Much of my professional career has been devoted to the design and development of storage software and systems. I started this journey almost by accident as a graduate student at the University of Virginia. At the time, I was doing research in high-performance computing and kept bumping into the performance and scalability limitations of memory and storage systems, which ultimately led me to focus my work in those areas.
Back then, data storage was viewed as basic plumbing and received little press. Fast forward 25 years and, with the amount of electronic data now doubling every two years, storage is one of the most exciting areas in IT! Case in point – I walked the show floor at VMworld 2014 in San Francisco and found that the vast majority of products, demos and talks revolved around storage software and systems.
So, outside of raw data growth, what are the key drivers of innovation in storage today? I believe they are the emergence of cloud-based IT, the agility of software-defined storage, and the disruptive nature of flash storage and other forms of non-volatile memory.
Cloud-based IT builds on the hardware virtualization provided by hyper visors such as VMware ESXi, Microsoft Hyper-V, and Linux KVM, as well as the OS virtualization provided by container solutions like Docker and Rocket. Layered on top of this virtualization technology is an orchestration service for provisioning, monitoring and managing virtualized servers and applications. This basic architecture applies to both private and public cloud environments.
Cloud-based IT places unique requirements on the storage software and systems that store virtual machines (VMs) and their associated virtual disks (VDs). First, to integrate with orchestration services, these storage solutions must provide REST-based APIs or similar mechanisms for automating all facets of storage management. Second, because multiple VMs and VDs can reside on a single block storage device or NAS share, these storage solutions must be able to both interpret VM and VD formats and track I/Os associated with a given VD in order to provide per VM and per VD management and performance monitoring. This capability is often referred to as being “VM-aware.” Finally, because having multiple VDs reside on a single block device or NAS share greatly increases both the intensity and randomness of I/Os observed by that device or share, these storage solutions must deliver high IOPS and low latency. This interleaving of VM I/Os is often referred to as the “I/O blender effect” and is where flash storage can come to the rescue, as I’ll discuss later.

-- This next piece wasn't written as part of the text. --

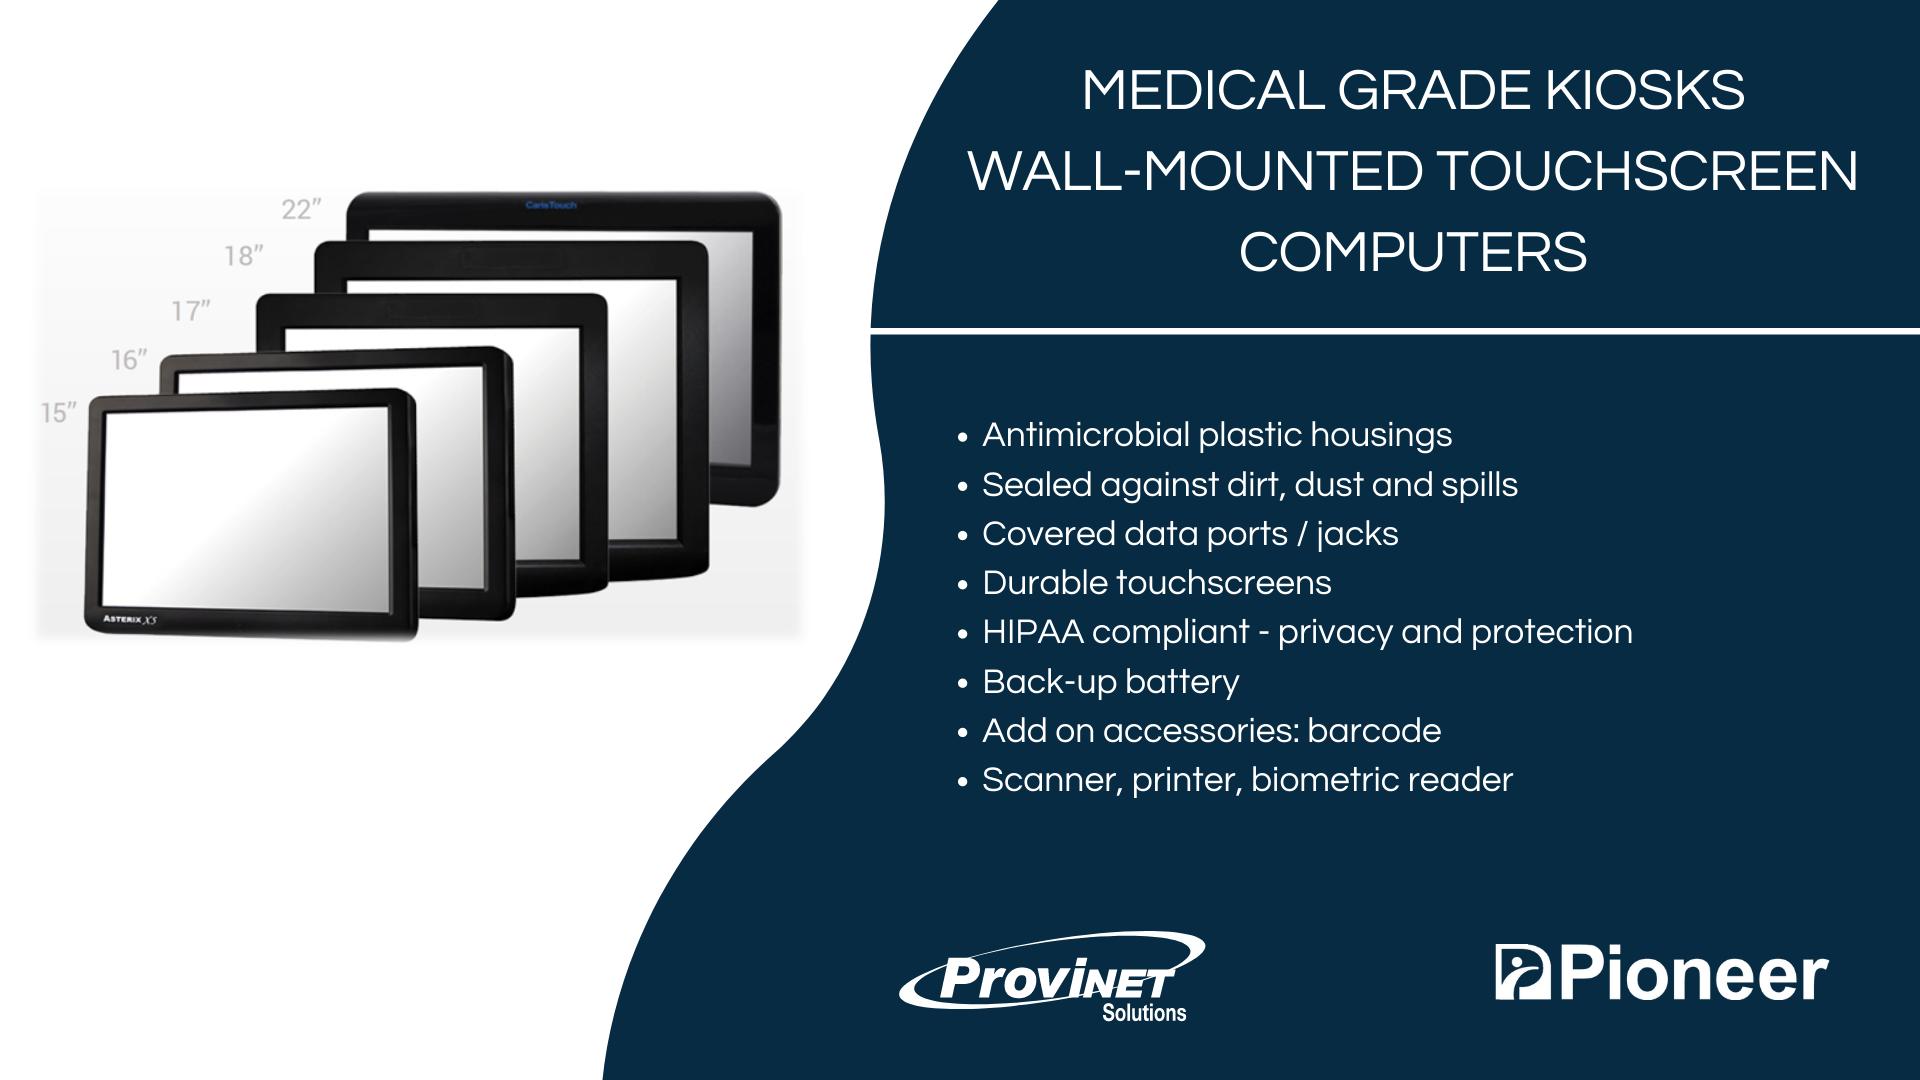 Medical Grade Kiosks Wall-Mounted Touchscreen Computers

Software-defined storage (SDS) refers to storage solutions comprising storage software running on commodity servers and using direct attached HDD and SSD storage devices. The concept of SDS is not new and has its roots in the NFS storage software originally developed by Sun Microsystems (now Oracle) for servers running SunOS, as well as the AFS and DCE/DFS storage software commercially developed by Transarc Corporation (now IBM) for servers running multiple variants of Unix. Full disclosure, I previously worked on both AFS and DCE/DFS. SDS has re-emerged as a major trend because it provides an opportunity to reduce the total cost of storage solutions and because it is a natural fit for cloud-based IT, where it enables a complete storage system to be provisioned and managed as easily as any other application. Now that’s agility!
Finally, flash storage and other forms of non-volatile memory (NVM) represent the greatest disruption to storage software and systems since the advent of the hard disk drive nearly 60 years ago. It’s no wonder that flash storage is generating so much excitement in the IT industry!

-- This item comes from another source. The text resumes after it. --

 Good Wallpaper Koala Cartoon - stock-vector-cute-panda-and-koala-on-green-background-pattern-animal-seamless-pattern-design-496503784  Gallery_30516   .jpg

Today, most IT administrators encounter flash storage in the form of SATA and SAS SSDs. Packaged this way, flash storage is a direct replacement for HDDs but with a level of performance that far exceeds spinning media. For example, the Micron M500DC SATA SSD can deliver random read/write performance of 63,000/35,000 IOPS, respectively. Compare that with a high-end 15K SAS HDD delivering 500 IOPS of random read/write performance and you can see how SSDs come to the rescue in addressing the I/O blender effect in virtualized workloads.
PCIe SSDs, which connect directly to the PCIe bus without the overheads associated with SATA and SAS, can deliver even higher levels of performance. For example, the Micron P420m PCIe SSD can deliver random read/write performance of 750,000/95,000 IOPS, respectively. This is clearly a disruptive technology and is forcing storage software and operating systems to evolve to keep pace.

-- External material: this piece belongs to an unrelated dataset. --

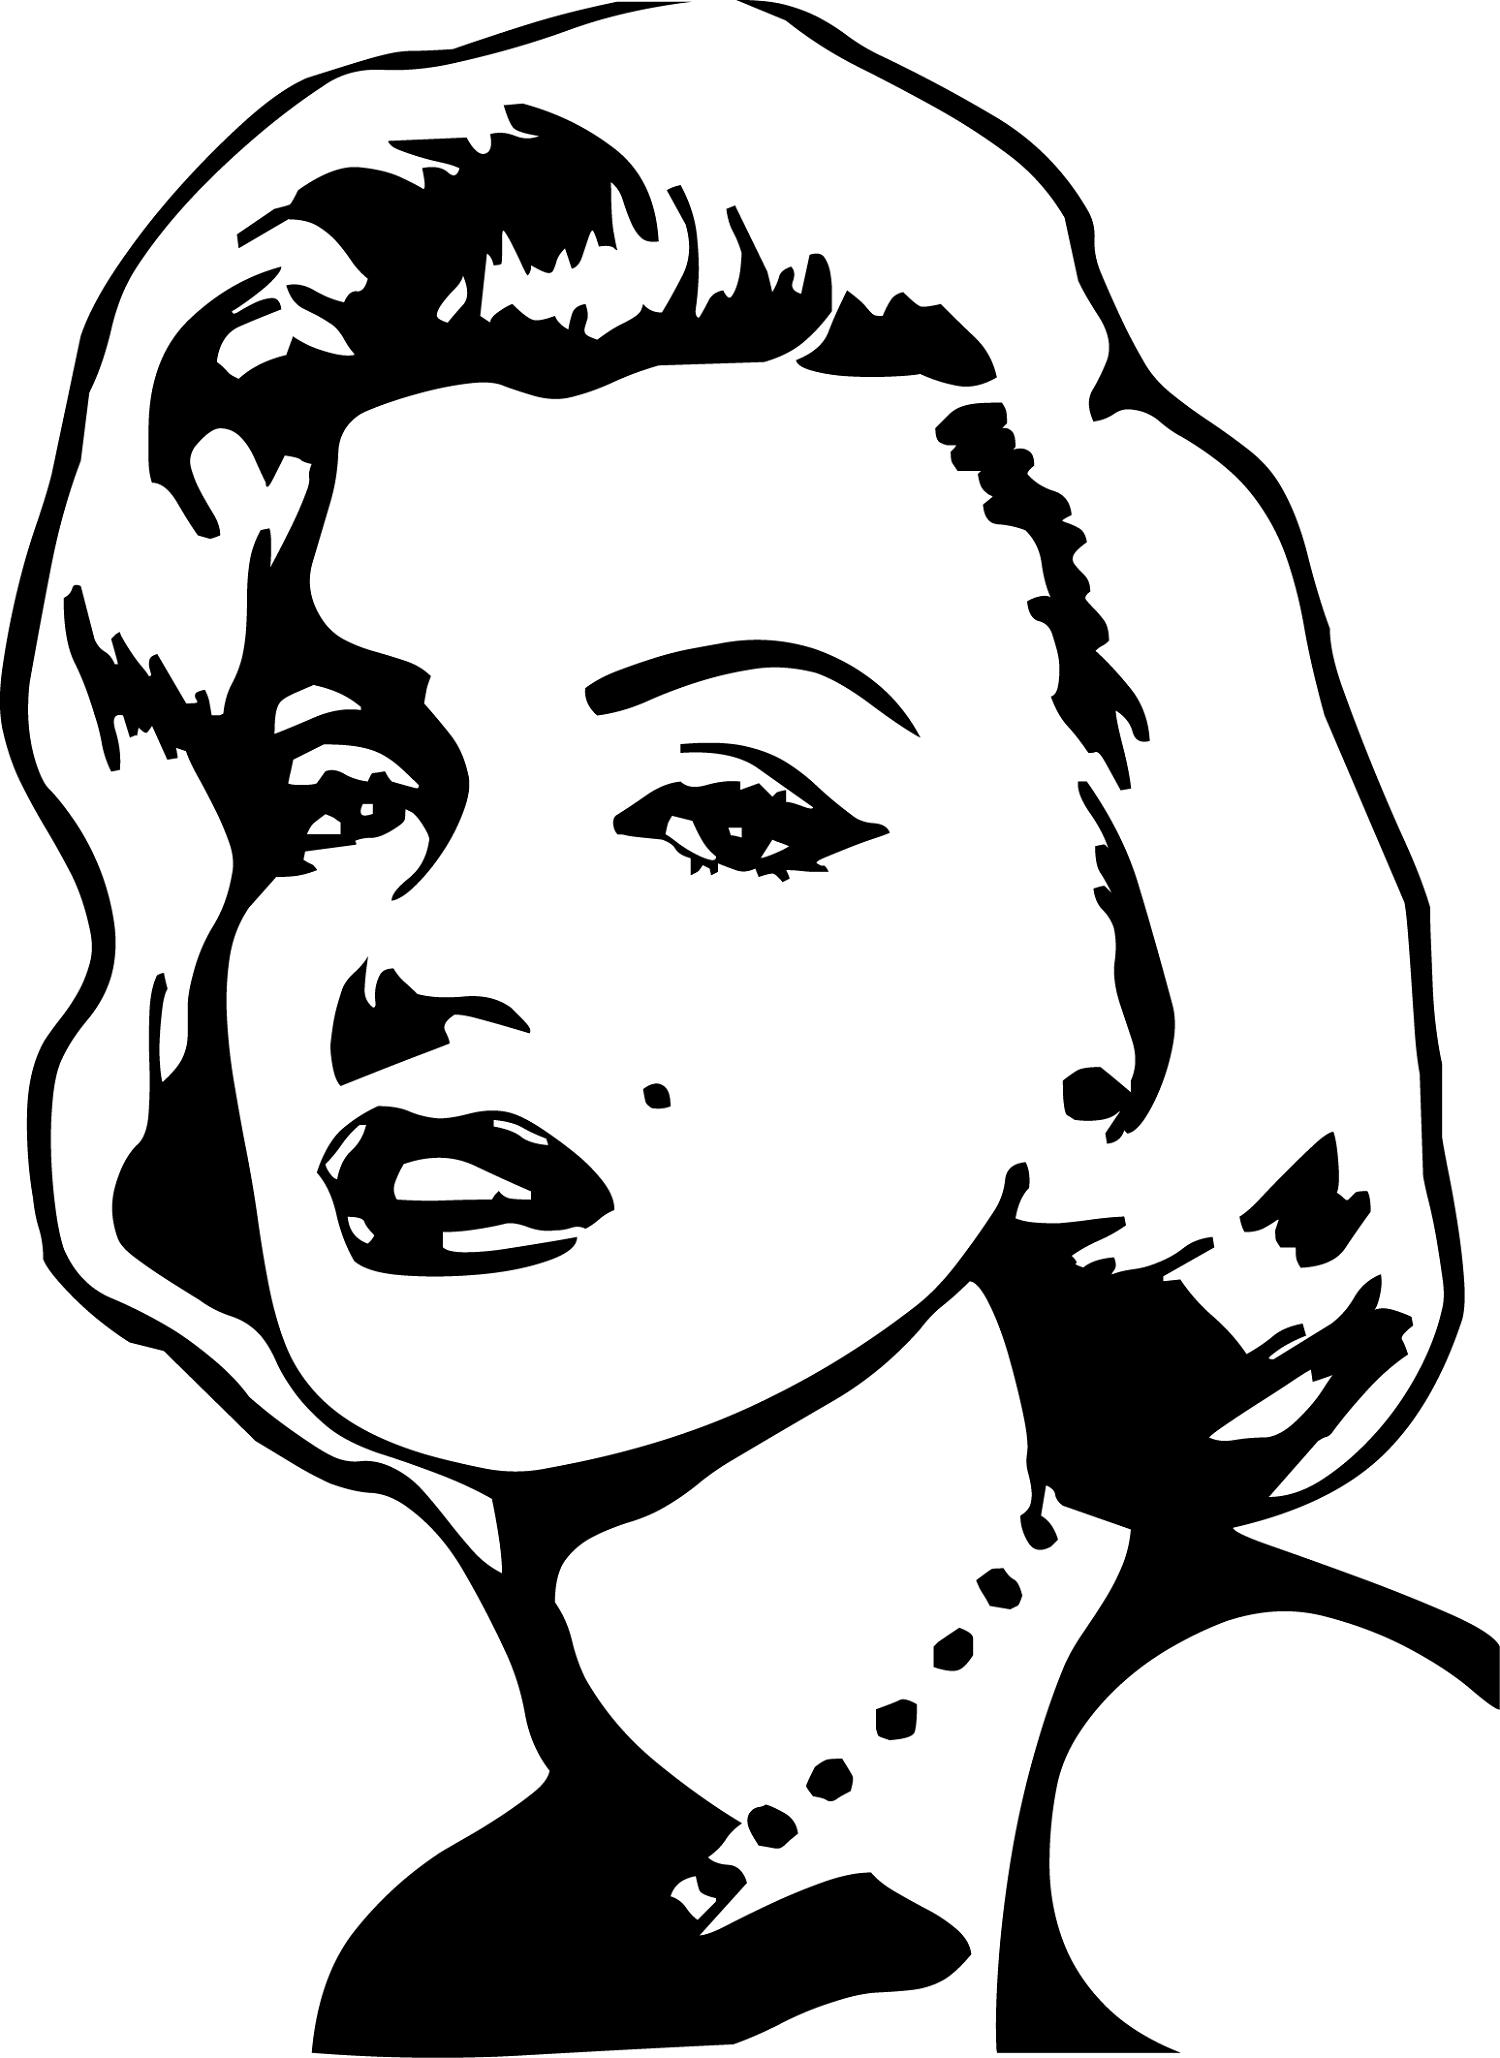 Marilyn Monroe Coloring Pages | 그림, 팝아트, 코믹 아트

In addition to performance, SSDs bring other benefits by removing all of the mechanicals associated with a spinning disk. A reduction in power consumption of 99% in watts/IO is typical in mixed workloads, and SSDs are in an active state for far less time than HDDs further reducing power consumption and heat generation. SSDs also come in alternative form factors such as mSATA, M.2, and PCIeadd in cards, providing greater flexibility in how storage is incorporated into servers and other computing platforms.
Positioning SSDs as a direct replacement for HDDs represents only the starting point for introducing flash storage into the IT environment. To get the most out of flash we need to develop storage software and operating systems that understand flash topology and behavior and are designed to work with it –instead of hiding flash behind the legacy Logical Block Addressing model defined for HDDs. In doing so, I believe we can get 1.5-2X more performance and endurance than can be achieved today with PCIe SSDs.
Cloud-based IT, SDS, and (perhaps most of all) flash and other forms of NVM are the key drivers of innovation in storage today. So, while the start of my journey into the world of storage software and systems may have been an accident, staying on that path has been a very conscious decision that continues to present exciting opportunities each day.